I don't like option 1 because it feels like cherry-picking my tests so that they will pass. I don't like option 2 because a genuinely failing implementation's inherent mathematical errors might be erroneously assessed as truncation error, so that automated regression testing would miss the bug. At that rate, I'd have to check the results manually, in which case I might as well go with option 3. But I don't like option 3 because I want automated testing. I think option 4 is practical for functions of a single variable -- evaluating $\sqrt{\epsilon|f(x)/f''(x)|}$ where $\epsilon$ is the machine epsilon gives you a pretty good upper bound -- but for big PDE problems where the unknown is a field with thousands of variables, not so much.

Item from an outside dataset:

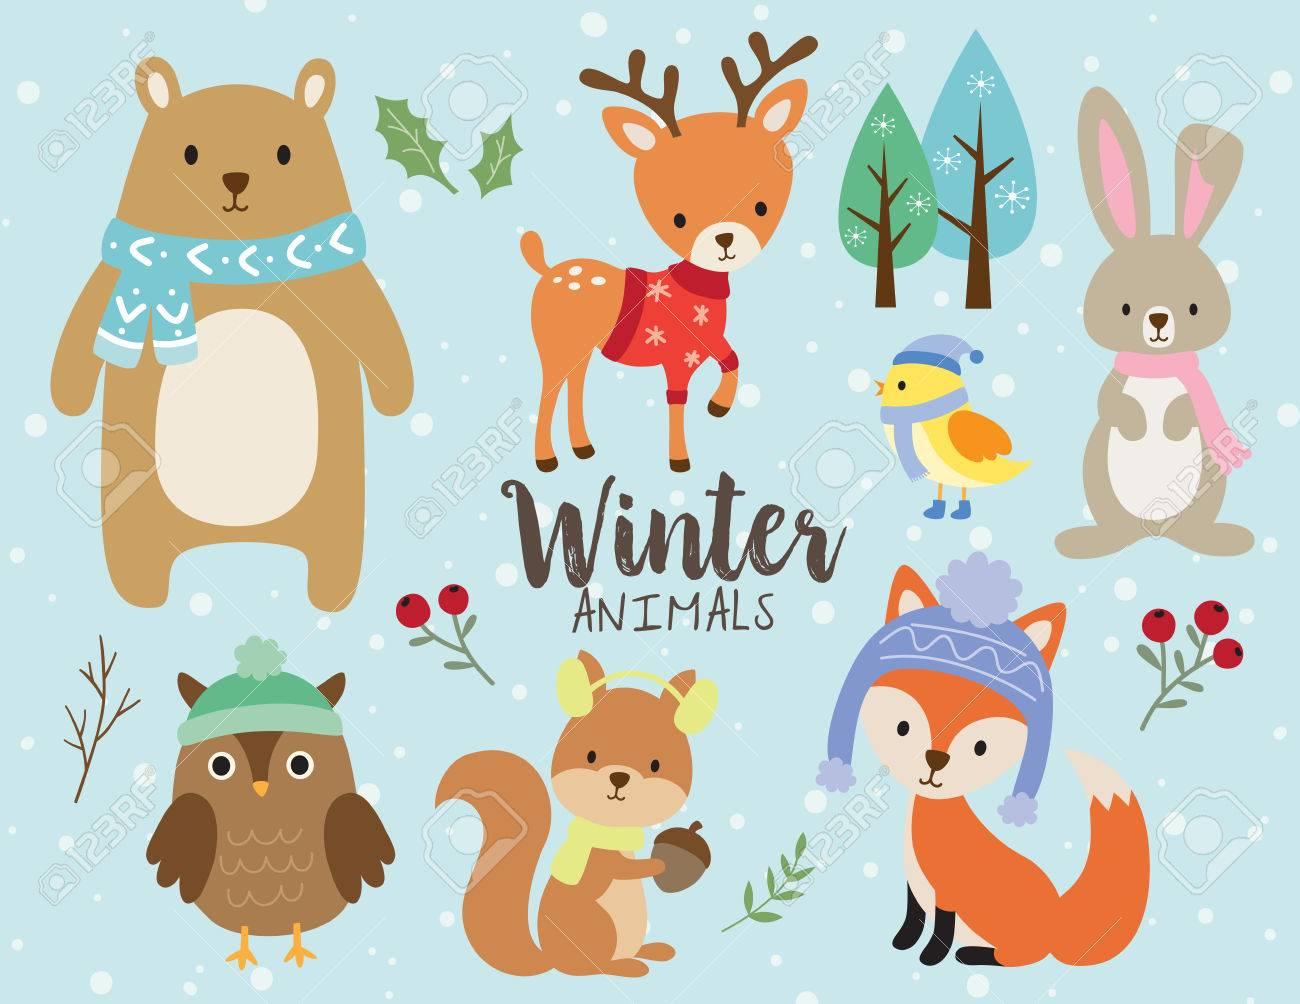 熊、鹿、ウサギ、ウサギ、フクロウ、リス、鳥、フォックスの冬の服装を身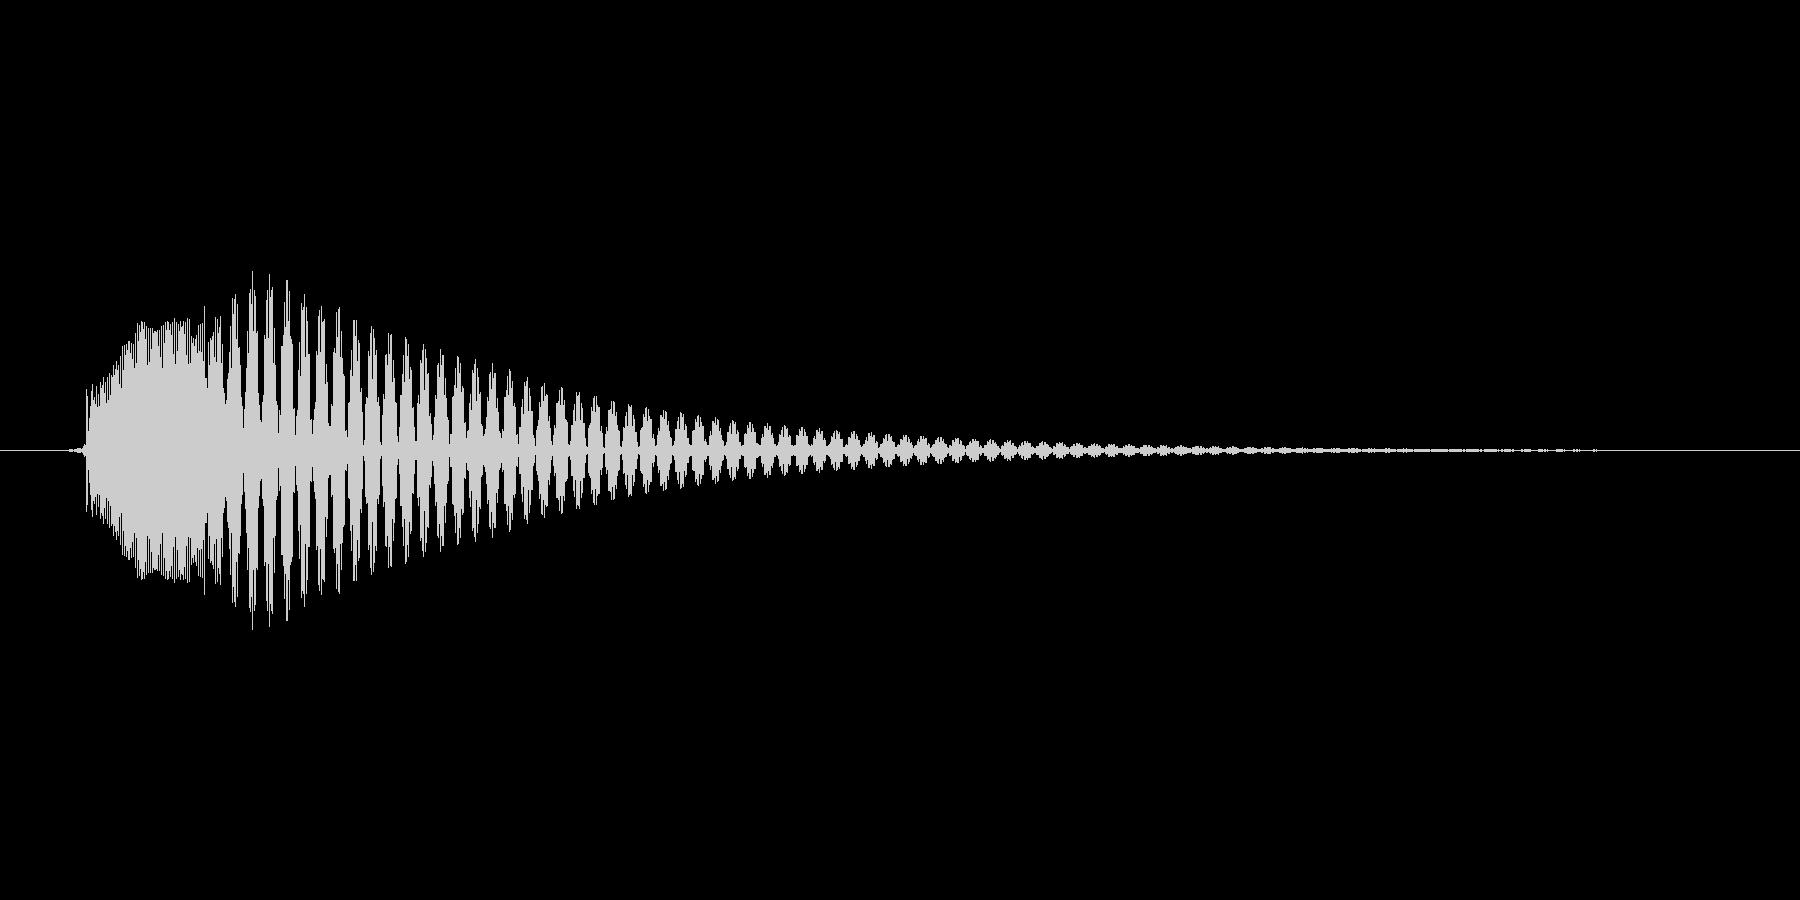 「テテンッ」スマホアプリのタッチ音想定。の未再生の波形

  • $\begingroup$ Are you running any simulations with $N=16$? If not why test up to this limit? Also, what precision are you using? Single? Double? Quad? $\endgroup$
    – Charles
    Mar 24, 2017 at 4:58

1 Answer 1


Well, I can tell you what I do, but it's somewhat unsatisfactory.

  1. Check $dA(u)$ using $A(u)$. I prefer a fourth-order finite difference scheme, but I check $dA(u)\cdot \delta u$ against the approximation

$$ d A(u)\cdot \delta u \approx \frac{A(u - 2\epsilon \delta u)-8A(u - \epsilon \delta u)+8A(u +\epsilon \delta u)-A(u + 2\epsilon \delta u)}{12} $$

  1. Once we know that $dA(u)$ is accurate, check $d^2A(u)\delta u$ versus the approximation $$ d^2 A(u)\delta u \approx \frac{dA(u - 2\epsilon \delta u)-8dA(u - \epsilon \delta u)+8dA(u +\epsilon \delta u)-dA(u + 2\epsilon \delta u)}{12} $$ This is not that different from above, except we now have a vector instead of a scalar, so the error is calculated with a norm and not an absolute value.

As you mentioned above, it's hard to know when there's a switch between truncation and round-off error. As such, I run this for several values of $\epsilon$ and look for two things

  1. The minimum error in the approximation over all attempted $\epsilon$ reaches an acceptable level

  2. Typically, there's a curve where the error goes high-low-high as the value of $\epsilon$ is reduced

In a unit test, I typically only use 1. When validating a function by hand, I look for 2. Technically, 1 could give an erroneous pass in case we get lucky and everything cancels. I've never seen that happen, so I don't worry about it.